02 Decode Vigenère

In the 16th century, the French diplomat and cryptographer Blaise de Vigenère developed a polyalphabetic cipher that was unbreakable for a long time. In contrast to monoalphabetic, it does not make use of a single key alphabet, which can be quickly figured out with the help of frequency analyses, but he used a separate one for each letter of the text to be encrypted. To do this, he shifted the alphabet by a certain number each time (like Ceasar shifts by 3 and Rot13 shifts by 13 letters). The shift key used for this is then the keyword with which the cryptotext can subsequently be decrypted again.

The best way to illustrate this procedure is with the Vigenère square, which represents all 25 possible shifts:

The first letter of the plaintext “Discworld” – (R.I.P. Sir Terry Pratchett!) – is an S (upper yellow row in the image) and is encrypted with the first letter of the key “Terry”, i.e. the T (yellow, left column in the image), thus shifting the alphabet by 19 letters (A=0) and ending up on the L. The second letter is a C and becomes a G with the key letter E, …

Frequency analyses now run into the void, since the individual letters are no longer replaced with the same one in each case. But Vigenère encryption is still not secure.

The shorter the key and the longer the plaintext, the easier it is to break the code. Since a normal text, no matter in which language, has certain repeating sequences of letters (bi- and trigrams), the probability increases with the length of the plaintext that such sequences of letters have been encrypted with the same key letters and that the cryptotext is similar. Once a repetition of bi- or trigrams has been discovered, the key length can be determined (a divisor of the distance between the same letter sequences). And now, with the knowledge of the length of the keyword, move the cryptotext piece by piece. This approach was christened Kasiski test after one of its discoverers (KasiskiOnline tool).

Even more theoretical is the Friedman test, whose algorithm uses probabilities that two random letters are the same to try to calculate magnitudes of the key length.

Also working with probability is the correlation function. If one counts the letters in the crypto-text and compares them with the letter frequency of normal speech, a sufficiently long text can be used to show the shift. The correlation function has a maximum at the shift where the distributions to be compared coincide best. Which also gives a good reading of the key length with sufficiently long texts.

Finished for all geocaching venereal puzzles? Well, actually not quite yet, there are more pretty approaches to the solution.

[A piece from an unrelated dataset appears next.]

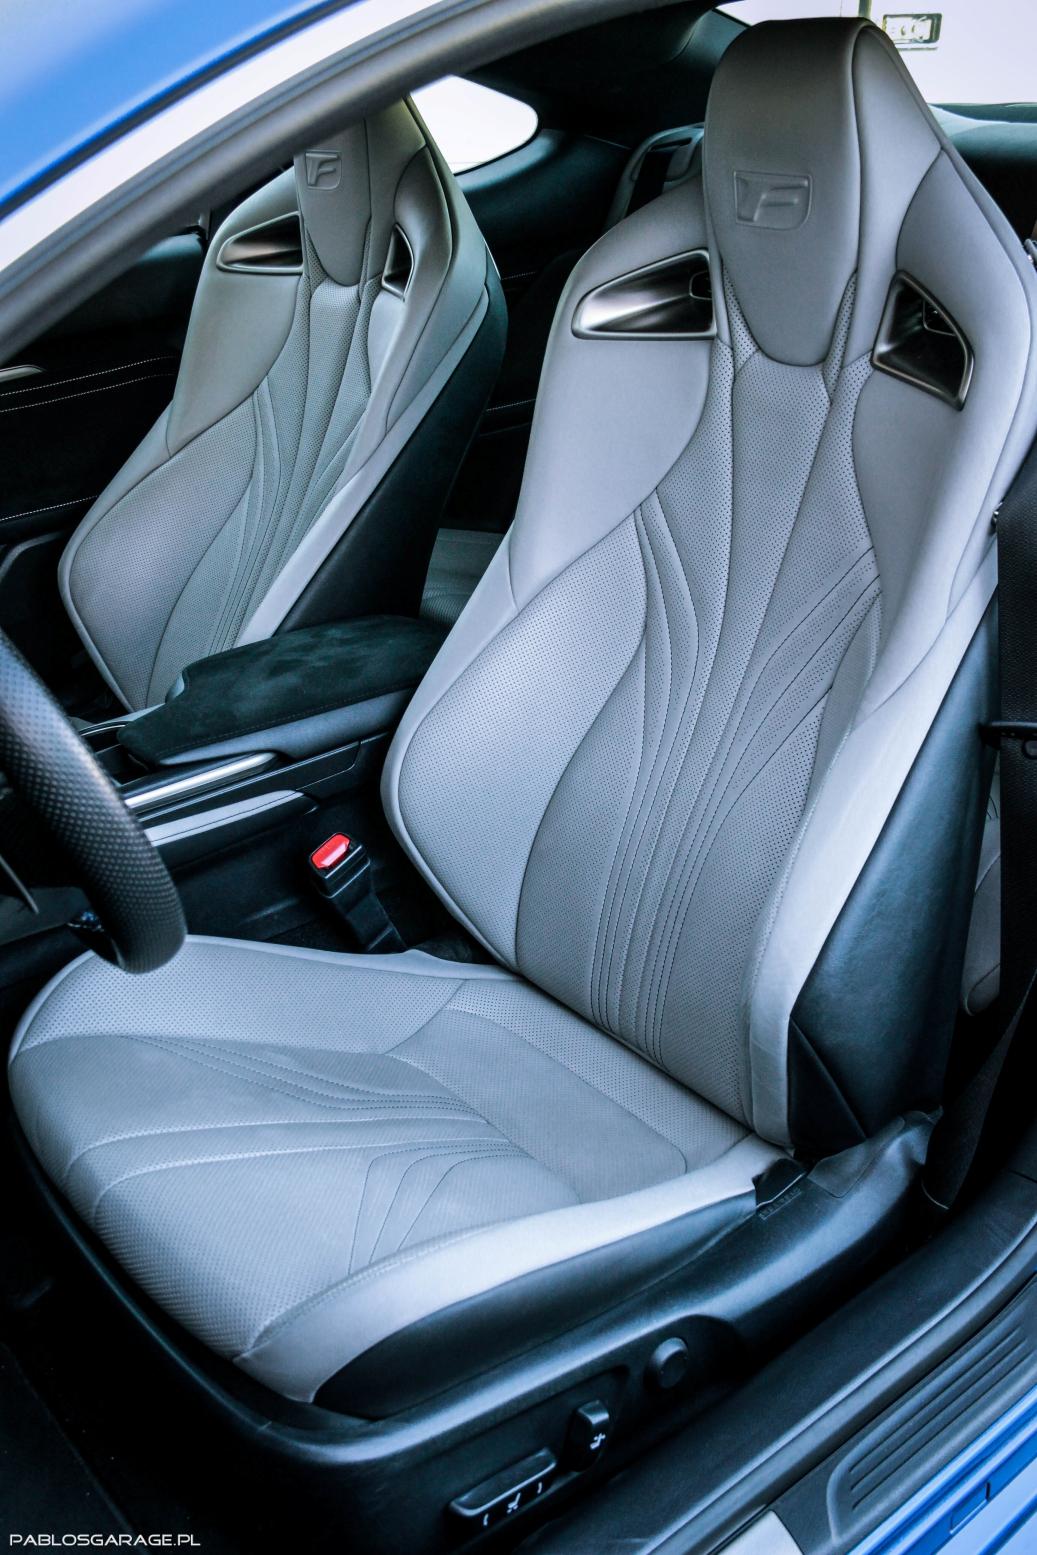 2018 Lexus RC F 5.0 V8
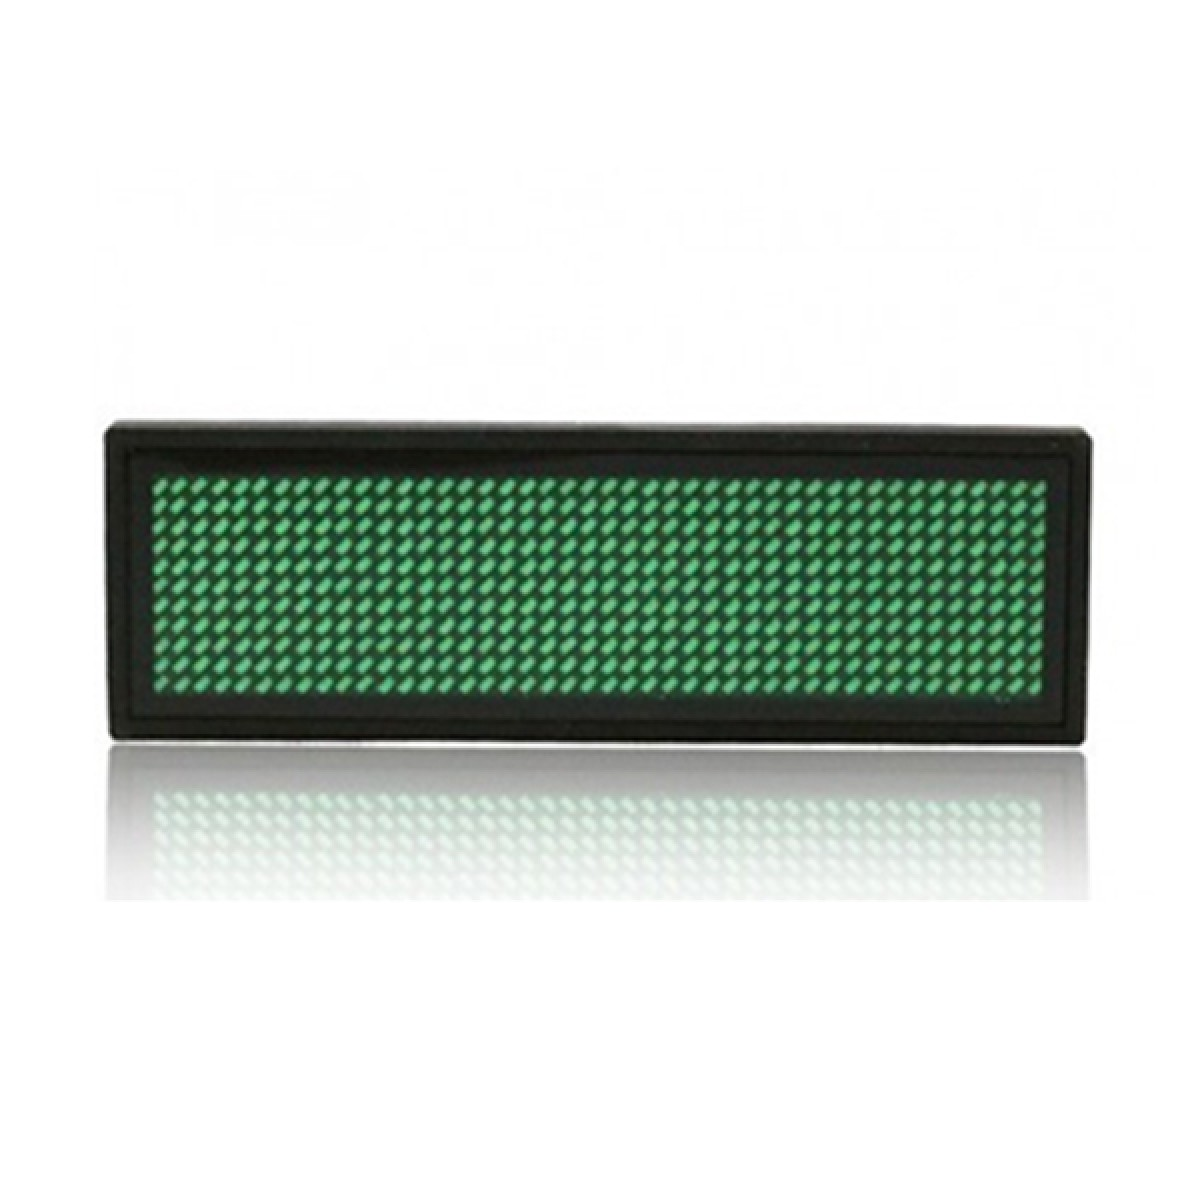 LED Ταμπελάκι τύπου κονκάρδα κυλιόμενων μηνυμάτων πράσινο χρώμα 8x3 cm B1236

If the keyword is a real word from the dictionary, the ngram analysis can be applied, which is also implemented at Cryptoool-online, among others. Here, one works with probable bi- or trigrams at the beginning of the word, with which one can draw conclusions about the key, in which one finds probable letter combinations in plain text.

Similarly but less theoretically, approaches work where you know parts of the key or the plaintext to believe. It doesn’t matter which of the two approaches you can use – in each case you place the expected word/part of a word (north, east, cache, search, fifty-two, the GC code or the owner’s name) over the cryptotext and shift forwards and backwards in the alphabet by the respective letters. If you want to and are able to do this, you can certainly program it quickly in Excel. But thanks to the internet, it is not necessary at all. f00l.de, nik kaanan and many others have already made this work easier for us with their scripts. If you don’t want to go to so much trouble, you can try smurfoncrack first. Or at crypt-online, where there are also frequency and n-gram analyses as well as an autocorrelation tool. A simple but sometimes working crack tool is offered by geocachingtoolbox .

And of course the GC Wizard should not be missing. There’s also a Vigenère cracker in the “General Code Solvers” section 😉

By the way, Mr Vigenère developed an improvement of this method, but it never gained its notoriety, although it is much more secure against analyses like the ones described here.

Autokey encryption also works with a keyword and thus like the Vigenère key described here, but the plaintext is appended to the end of the key for encryption and decryption. Thus, the key length is as long as the cryptotext and much more difficult to crack.